Private universities are not affected by the action because they do not allow unions to operate.

The unions involved are the Academic Staff Union of Universities (ASUU), Senior Staff Non-Academic Union (SSANU) and Non-Academic Staff Union of Universities (NASU).

The current face-off between the government and ASUU especially has its origin in 2001 when the two parties failed to sign a negotiated memorandum of understanding articulating the need to improve working and living conditions in Nigerian universities.

Both parties agreed on four things: First, there was an urgent need to reduce the brain drain that is costing Nigerian universities their best academics. It was agreed that lecturer salaries should be increased by about 140% and the high price of crude oil and gas was sufficient to meet the cost.

Second, it was agreed the retirement age of professors should be raised from 65 to 70 years. Most brilliant young graduates today are not interested in pursuing postgraduate studies that would enable them to succeed ageing professors.

They have different ambitions and career agendas, and prefer to dash out of university with a first degree and plunge into the labour market where they hope rapidly to become millionaires.

Third, the government agreed to substantially increase research funding in universities. It also pledged to put pressure on the private sector to earmark a percentage of profits for research.

Finally, the ASUU obtained a promise to enshrine the principle of university autonomy in the agreement.

One of the highlights of the memorandum was selection of vice-chancellors which has been highly politicised. To reduce government interference, it was agreed that university councils be mandated to select vice-chancellors.

Currently councils send three names of potential vice-chancellors to the University Visitor who may select one of them. This has led to unnecessary lobbying and unhealthy politicisation.

The first obstacle to the negotiated agreement was mounted by ASUU when it insisted the dismissal (for striking) of 79 academics at the University of Ilorin should be revoked before it would append its signature. The government refused, pointing out that the case of the fired lecturers was before the courts and it did not want to trample on the rule of law.

The second obstacle was the current global financial and economic crisis which has affected the government's financial fortunes.

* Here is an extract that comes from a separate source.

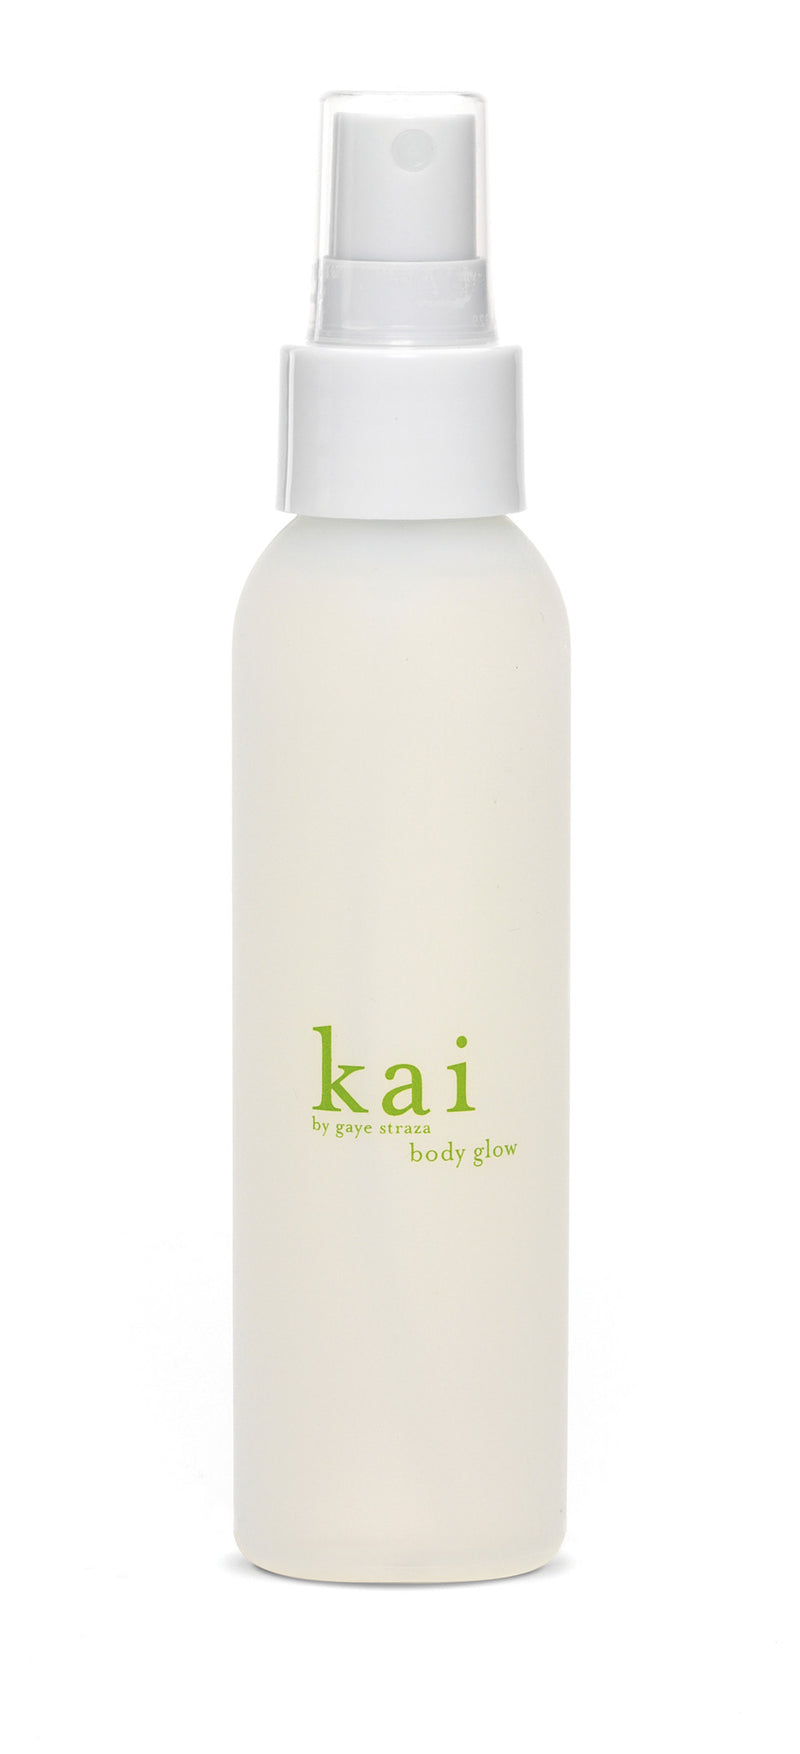 media image for kai body glow design by kai fragrance 1 219

When new leaders of the ASUU removed the initial obstacle and appealed to government to sign the negotiated memorandum, it was no longer 'enthusiastic'.

Nigeria was in recession. There was less funding for government while the price of crude oil and gas had plummeted and 95% of government earnings are from oil and gas.

After an unsuccessful series of appeals to the government to honour its pledge, the ASUU in frustration embarked on an indefinite strike. SSANU and NASU commenced similar action.

To save face, the government published a communiqué announcing it had accepted implementation of all the clauses in the agreement with the following modification: a 40% increase in salaries for ASUU and SSANU members, and 20% for NASU members, in federal universities only.

The unions responded by rejecting the government's position. ASUU President Professor Ukachukwu Awuzie said the negotiated agreement was concluded on the basis of collective bargaining as enshrined in the trade union act, and that government had to abide by collective bargaining clauses that were binding on both parties.

The President and Vice-president of Nigeria, Shehu Musa Yar'Adua and Jonathan Goodluck, agreed on the principle of collective bargaining. But they objected to the union's position on the basis that signing the agreement in its present form would be unconstitutional because the federal government has no right to impose such agreement on state universities.

Yar'Adua said a central issue was not negotiation of salaries but signing an agreement with ASUU.

"This collective bargaining and the signing of the agreement are against our laws and legal system. ASUU is an organisation with membership cutting across federal and state governments," he said.

"The federal government cannot sign an agreement on behalf, for instance, of Lagos State and Kano State to direct what they are going to pay to lecturers in their own universities. The laws of this country have provided for separation of powers."

To prevent their members from backing out of the strike, the unions agreed to renegotiate and slightly amend the negotiated package on the basis of the status of federal and state universities. The strike is likely to end soon although many states will not be able to implement the terms of an amended agreement for lack of funds.